Un mois plus tard, le 26 janvier 1942, l'Alysse quittait (Écosse) pour Londonderry (Irlande du Nord). Deux jours plus tard, elle appareillait pour escorter, de concert avec cinq autres corvettes, canadiennes et anglaises, le convoi ONS 60 (7) à destination de Halifax. Le 8 février, à moins de 400 milles nautiques de la côte est de Terre-Neuve, son avant est frappé par une torpille. On dénombrera trente-six victimes, dont trente-cinq quartiers-maîtres et matelots ainsi que l'officier de liaison. Sur ce nombre, cinq Saint-Pierrais: Pierre Perrin, Joseph Vigneau, Jean Boudreau, Pierre Walsh et René Lemaine. Le commandant Pépin-Lehalleur a l'épaule fracturée. La corvette Moose Jaw recueillit 21 rescapés et l'Hepatica treize autres. Les tentatives répétées de remorquage se soldèrent par la perte du bâtiment qui sombra deux jours plus tard.
L'Alysse touchée (8)
Le 21 février, les trente-quatre survivants de l'Alysse rejoignaient Saint-Pierre sur le Mimosa, exception faite de son commandant, toujours hospitalisé à Saint-Jean de Terre-Neuve. Deux étaient Saint-Pierrais: Eugène Lepape et Jean Poirier.

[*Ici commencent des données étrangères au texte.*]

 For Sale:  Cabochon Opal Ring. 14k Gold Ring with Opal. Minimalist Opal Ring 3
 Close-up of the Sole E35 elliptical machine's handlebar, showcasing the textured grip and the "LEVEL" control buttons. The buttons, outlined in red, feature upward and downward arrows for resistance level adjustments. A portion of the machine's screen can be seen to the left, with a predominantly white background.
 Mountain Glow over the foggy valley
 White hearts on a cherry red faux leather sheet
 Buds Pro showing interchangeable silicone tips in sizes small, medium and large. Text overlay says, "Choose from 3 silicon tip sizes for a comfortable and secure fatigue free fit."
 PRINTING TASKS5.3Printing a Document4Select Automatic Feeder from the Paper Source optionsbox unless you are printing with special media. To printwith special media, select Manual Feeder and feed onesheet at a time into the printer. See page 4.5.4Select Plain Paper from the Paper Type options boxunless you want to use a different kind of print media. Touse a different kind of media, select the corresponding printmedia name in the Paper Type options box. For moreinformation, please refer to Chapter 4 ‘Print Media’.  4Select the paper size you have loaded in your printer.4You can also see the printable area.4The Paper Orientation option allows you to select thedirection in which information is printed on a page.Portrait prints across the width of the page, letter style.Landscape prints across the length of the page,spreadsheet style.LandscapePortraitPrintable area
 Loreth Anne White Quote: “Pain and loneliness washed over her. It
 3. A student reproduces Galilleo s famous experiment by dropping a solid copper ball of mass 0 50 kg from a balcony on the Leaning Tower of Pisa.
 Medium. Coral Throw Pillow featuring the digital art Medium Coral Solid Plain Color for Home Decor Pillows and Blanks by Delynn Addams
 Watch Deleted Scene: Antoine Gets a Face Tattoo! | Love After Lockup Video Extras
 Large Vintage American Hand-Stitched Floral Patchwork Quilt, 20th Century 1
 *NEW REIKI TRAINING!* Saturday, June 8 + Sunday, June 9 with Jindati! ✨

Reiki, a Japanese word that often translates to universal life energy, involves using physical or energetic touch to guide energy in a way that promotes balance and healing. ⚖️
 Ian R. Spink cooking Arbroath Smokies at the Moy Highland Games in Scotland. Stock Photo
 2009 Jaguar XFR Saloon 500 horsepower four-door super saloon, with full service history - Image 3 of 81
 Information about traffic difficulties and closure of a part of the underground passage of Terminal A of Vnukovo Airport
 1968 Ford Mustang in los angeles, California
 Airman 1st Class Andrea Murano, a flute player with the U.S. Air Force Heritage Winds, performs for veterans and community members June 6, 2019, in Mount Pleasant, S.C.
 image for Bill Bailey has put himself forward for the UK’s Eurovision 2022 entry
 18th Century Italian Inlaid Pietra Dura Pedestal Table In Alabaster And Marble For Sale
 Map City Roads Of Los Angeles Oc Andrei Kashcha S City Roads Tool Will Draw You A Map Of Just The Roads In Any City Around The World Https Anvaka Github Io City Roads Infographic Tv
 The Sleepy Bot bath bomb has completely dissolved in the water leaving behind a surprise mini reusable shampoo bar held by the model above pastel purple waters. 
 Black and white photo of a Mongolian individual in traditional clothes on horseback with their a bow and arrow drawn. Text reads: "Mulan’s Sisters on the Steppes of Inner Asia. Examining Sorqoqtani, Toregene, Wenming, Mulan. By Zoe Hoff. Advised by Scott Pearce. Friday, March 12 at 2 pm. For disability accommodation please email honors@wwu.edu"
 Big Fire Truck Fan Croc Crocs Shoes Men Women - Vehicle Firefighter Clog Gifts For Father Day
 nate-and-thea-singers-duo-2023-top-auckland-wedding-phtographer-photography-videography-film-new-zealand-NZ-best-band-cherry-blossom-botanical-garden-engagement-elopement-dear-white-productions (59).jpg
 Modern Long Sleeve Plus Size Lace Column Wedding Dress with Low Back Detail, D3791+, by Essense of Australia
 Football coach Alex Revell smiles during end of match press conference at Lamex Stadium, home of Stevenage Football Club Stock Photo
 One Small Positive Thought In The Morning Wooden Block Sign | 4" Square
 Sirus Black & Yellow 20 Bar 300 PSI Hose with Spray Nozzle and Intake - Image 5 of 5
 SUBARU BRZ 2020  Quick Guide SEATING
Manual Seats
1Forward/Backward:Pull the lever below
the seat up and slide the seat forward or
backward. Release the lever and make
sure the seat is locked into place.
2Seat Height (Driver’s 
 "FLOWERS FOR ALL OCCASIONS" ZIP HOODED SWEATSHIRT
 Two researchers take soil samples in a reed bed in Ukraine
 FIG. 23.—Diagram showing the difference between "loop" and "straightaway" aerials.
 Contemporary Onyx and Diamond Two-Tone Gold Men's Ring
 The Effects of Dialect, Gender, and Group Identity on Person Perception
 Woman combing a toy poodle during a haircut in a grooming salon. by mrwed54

Le lendemain 22, une cérémonie avait lieu au monument aux morts, lors de laquelle le capitaine de frégate Louis de Villefosse, le commandant militaire de Saint-Pierre, remettait la Croix de guerre aux mères et à une veuve des disparus.
Dès le 2 mars 1942, l'Administrateur du Territoire, Alain Savary, prenait un arrêté donnant au quai de l'ancienne Douane, le nom de Quai de l'Alysse.
Il faudra ensuite attendre 1996 pour que le nom de Pierre Perrin soit donné à une rue du lotissement Briand. Le souvenir de l'Alysse a aussi été rappelé en 2003 avec l'attribution du nom de son commandant, Jacques Pépin-Lehalleur, décédé en 2000, à une rue du lotissement du Cap noir. Un timbre lui avait été consacré en 2001.
De dos, le capitaine de corvette de Villefosse
De gauche à droite: Mmes Boudreau, Perrin, Walsh,
Vigneau et Lemaine (10)
Michel Le Carduner
mars 2021
Notes
(1) Arrêté n° 119 du 21 août 1996: " La rue prenant naissance rue Georges Messanot et aboutissant à la parcelle 182 section A1 du lotissement Briand portera le nom de Rue Pierre Perrin."
(2) Louis de Villefosse, Les îles de la liberté, Paris, Éditions Albin Michel, 1972, pp. 66-67.
(3) L'asdic (acronyme pour Allied Submarine Detection Investigation Committee), est un système mis au point par les spécialistes britanniques pour détecter les sous-marins en plongée.
(4) Louis de Villefosse, op. cit., pp. 111-112.
(5) ibidem, pp.111-142.
(6) Source: Facebook, Retrouver tous documents sur Saint-Pierre et Miquelon, Publication Catherine Pen, 12 avril 2015.
(7) code des convois lents traversant l'Atlantique dans le sens Europe-Amérique.
(8) Source: Facebook, Retrouver tous documents sur Saint-Pierre et Miquelon, Publication Sylvain Blais, 8 février 2019.
(9) Archives de Saint-Pierre et Miquelon
(10) Source: Facebook, Retrouver tous documents sur Saint-Pierre et Miquelon, Publication André Lafargue, 27 décembre 2015.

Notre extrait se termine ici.